Task data is stored in `.claude/formaltask.db` (SQLite).

## Usage

### Command Line

```bash
ft --help                      # Show available commands
ft work spawn <id>             # Spawn worker for a task
ft work list                   # List spawnable tasks
ft work watch                  # Monitor workers
ft work watch --spawn          # Monitor + auto-spawn ready tasks
ft work dashboard              # TUI dashboard
ft work inbox                  # Show blocked workers awaiting input
ft task list <epic>            # List tasks in an epic
ft task show <id>              # Show task details
ft task complete <id>          # Mark task as complete
ft task cancel <id>            # Cancel a task
ft epic list                   # List all epics
ft epic health <epic>          # Check epic health
ft setup                       # Run setup wizard
ft doctor                      # Verify configuration
```

Or run as a Python module:

```bash
python3 -m formaltask.cli --help
```

### Project Structure

```text
formaltask/
├── cli/                # CLI commands (ft <noun> <verb>)
├── core/               # Completion checking, config
├── data/               # Static data files
├── db/                 # Database connection, migrations
├── epics/              # Epic CRUD, YAML parsing
├── git/                # Worktree management, PR queries
├── hooks/              # Hook utilities (shared with hooks/)
├── llm/                # LLM integration (OpenRouter)
├── review/             # Review context, prompt building
├── skills/             # Skill metadata, span tracking
├── state/              # Findings, session tracking
├── tasks/              # Task lifecycle, dependencies, guards
├── validators/         # PreToolUse validators (TDD, doc-guard)
├── vault/              # Knowledge storage
├── workers/            # Worker spawning, monitoring
├── apps/               # TUI applications (dashboard)
└── utils/              # Shared utilities
agents/                 # Subagent definitions
hooks/                  # Hook entry points for Claude Code events
tests/                  # Test suite
.githooks/              # Tracked git hooks
.claude/
└── formaltask.db       # Task database (auto-created by ft setup)
```

See the [CLI Reference](docs/cli/index.md) for full command documentation, [Planning Workflow](skills/PLANNING-WORKFLOW.md) for the plan→critique→revise→decompose lifecycle, and [Architecture Overview](docs/architecture/overview.md) for how the pieces fit together.

### Dashboard

The interactive TUI dashboard (`ft work dashboard`) provides real-time monitoring and control of parallel workers.

![Dashboard](docs/assets/dashboard.png)

**Layout:** Status bar (top) showing task counts and auto-spawn state, task list (middle) with color-coded health indicators, terminal pane (bottom) showing the selected worker's output.

**Worker states:** Each task shows a health indicator — **LIVE** (running), **EXIT** (process ended), **HELP** (needs human input), **FIX** (has review findings), or **queued** (ready to spawn).

**Keybindings:**

| Key | Action |
|-----|--------|
| `j` / `k` | Navigate task list |
| `Enter` | Attach to selected worker (F12 to detach back) |
| `S` | Spawn next queued task |
| `A` | Toggle auto-spawn (automatically fills worker slots) |
| `+` / `-` | Adjust max worker limit (1-10) |
| `X` | Kill selected worker (double-tap to confirm) |
| `R` | Restart selected worker (double-tap to confirm) |
| `i` | Open inbox (blocked workers awaiting input) |
| `q` | Quit |

**Auto-spawn** fills available worker slots from the task queue.
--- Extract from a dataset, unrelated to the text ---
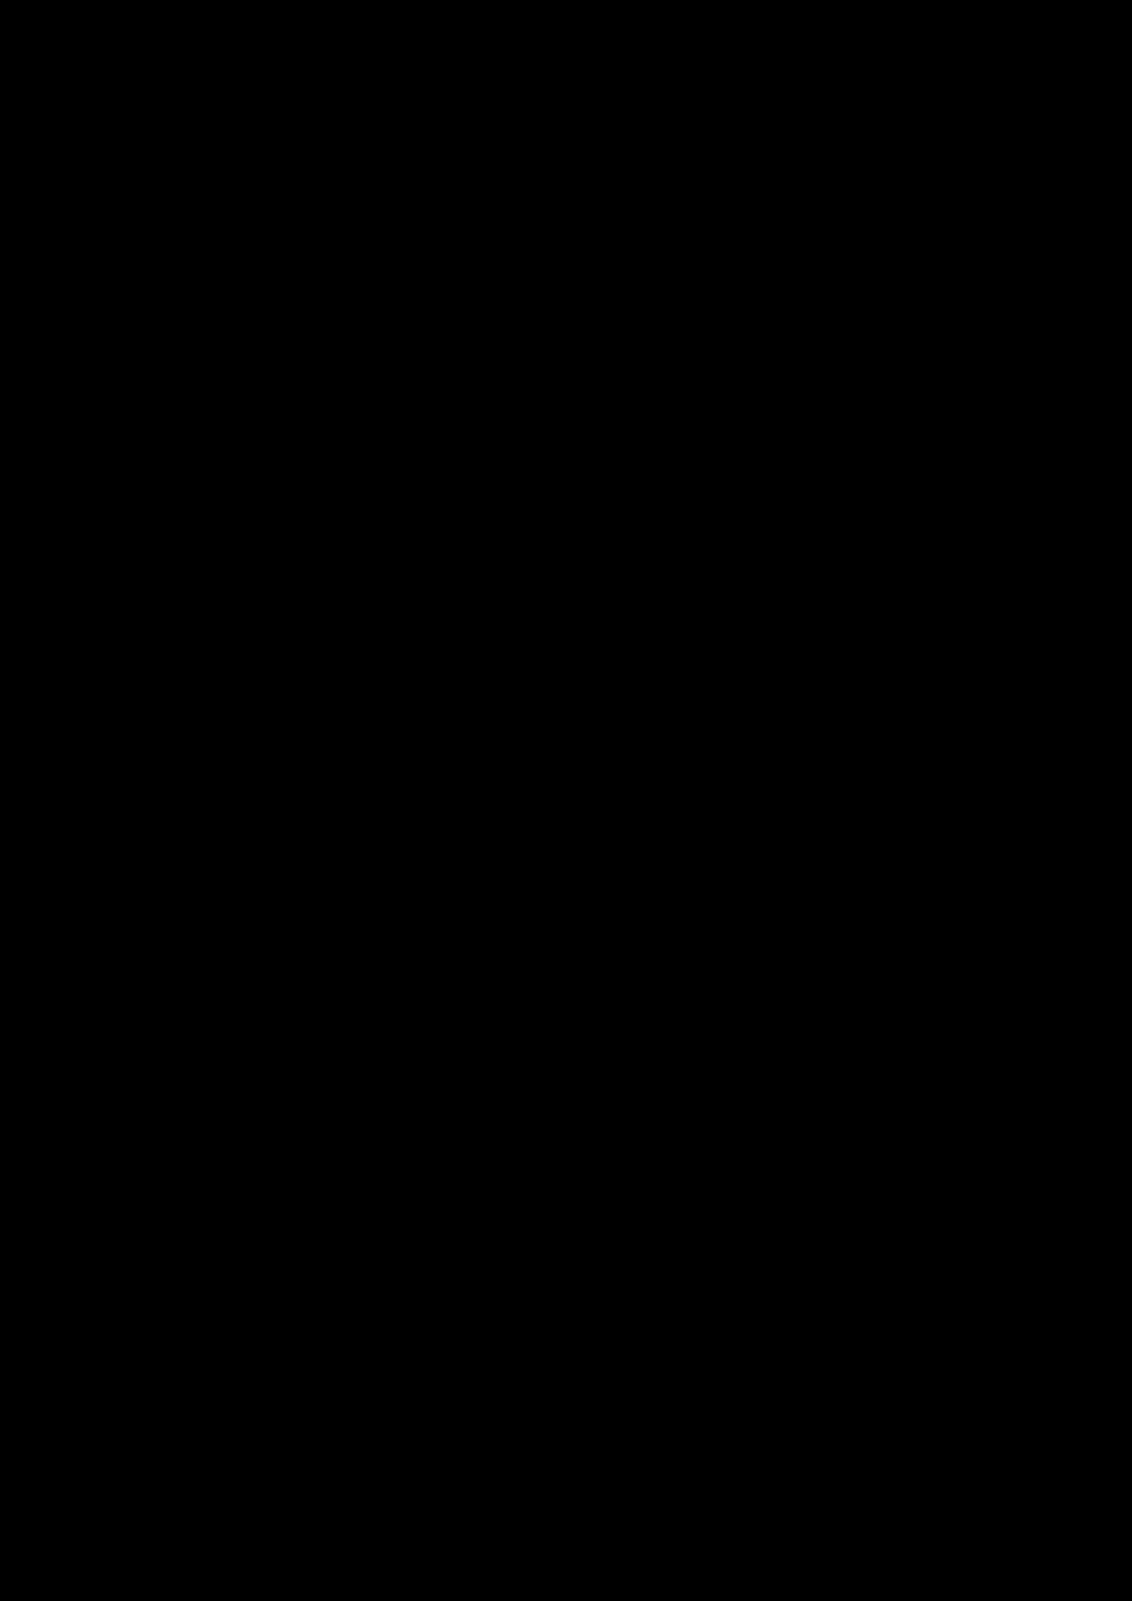 Ten lyubvi slide, Image 37
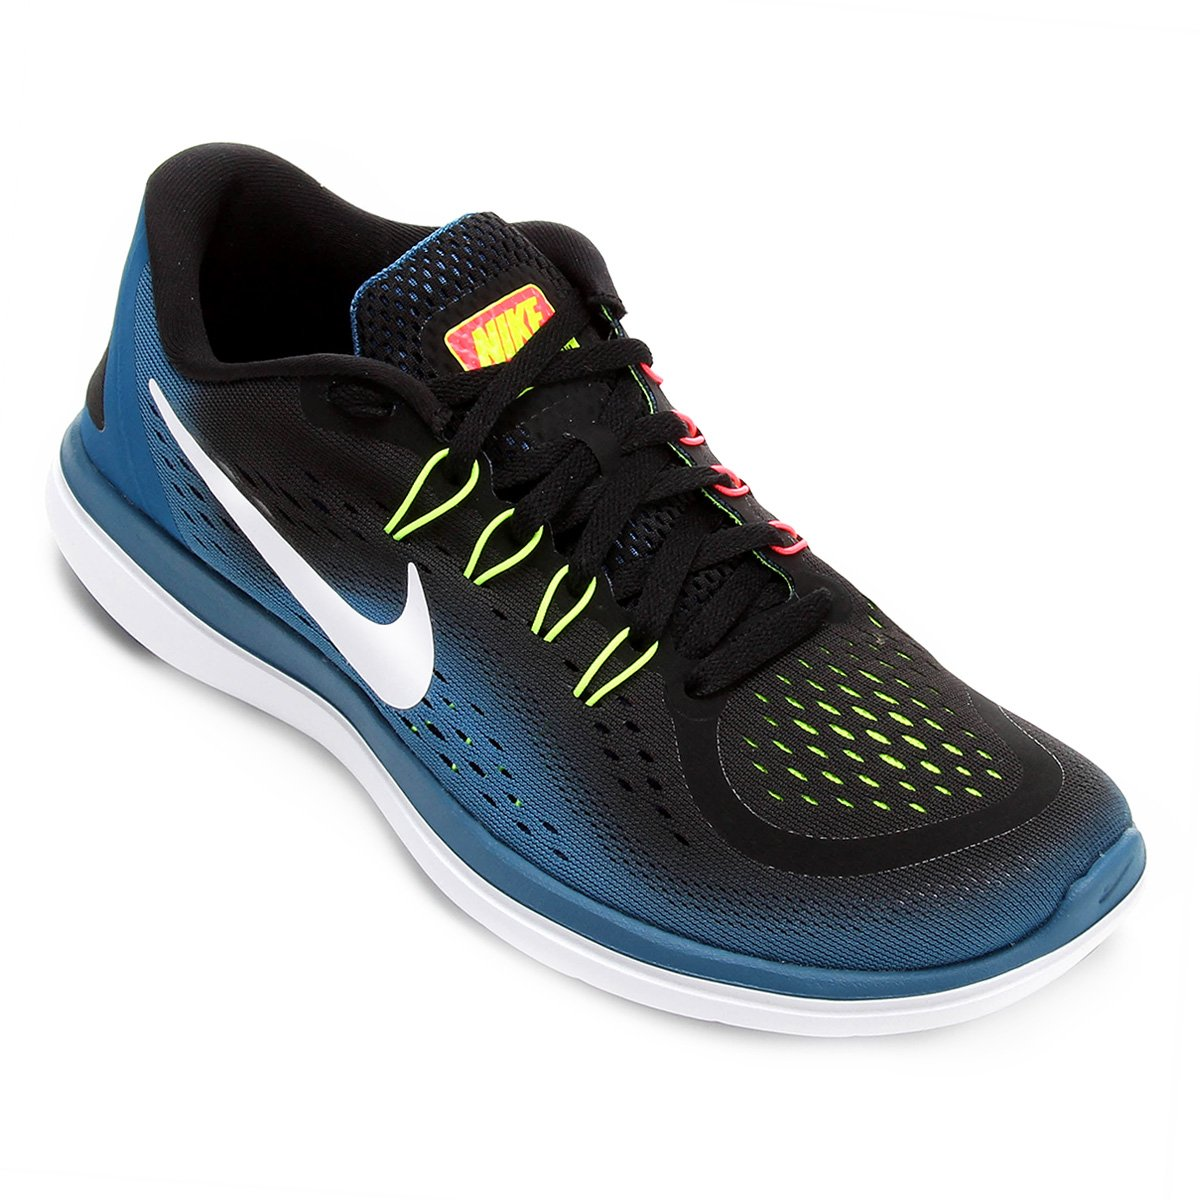 a5ed17d917f Tênis Nike Flex Run Masculino - Preto e Azul - Compre Agora

The status bar shows the current limit (e.g. `auto (5)`). Adjust with `+`/`-` to scale up or down without leaving the dashboard. This is the interactive equivalent of `ft work watch --spawn`.

## Development

### Running Tests

```bash
pytest tests/ --cov=formaltask
```

### Linting

```bash
ruff check formaltask/ --fix
ruff format formaltask/
```

### Type Checking

```bash
basedpyright formaltask/
```

## License

MIT License. See [LICENSE](LICENSE) for details.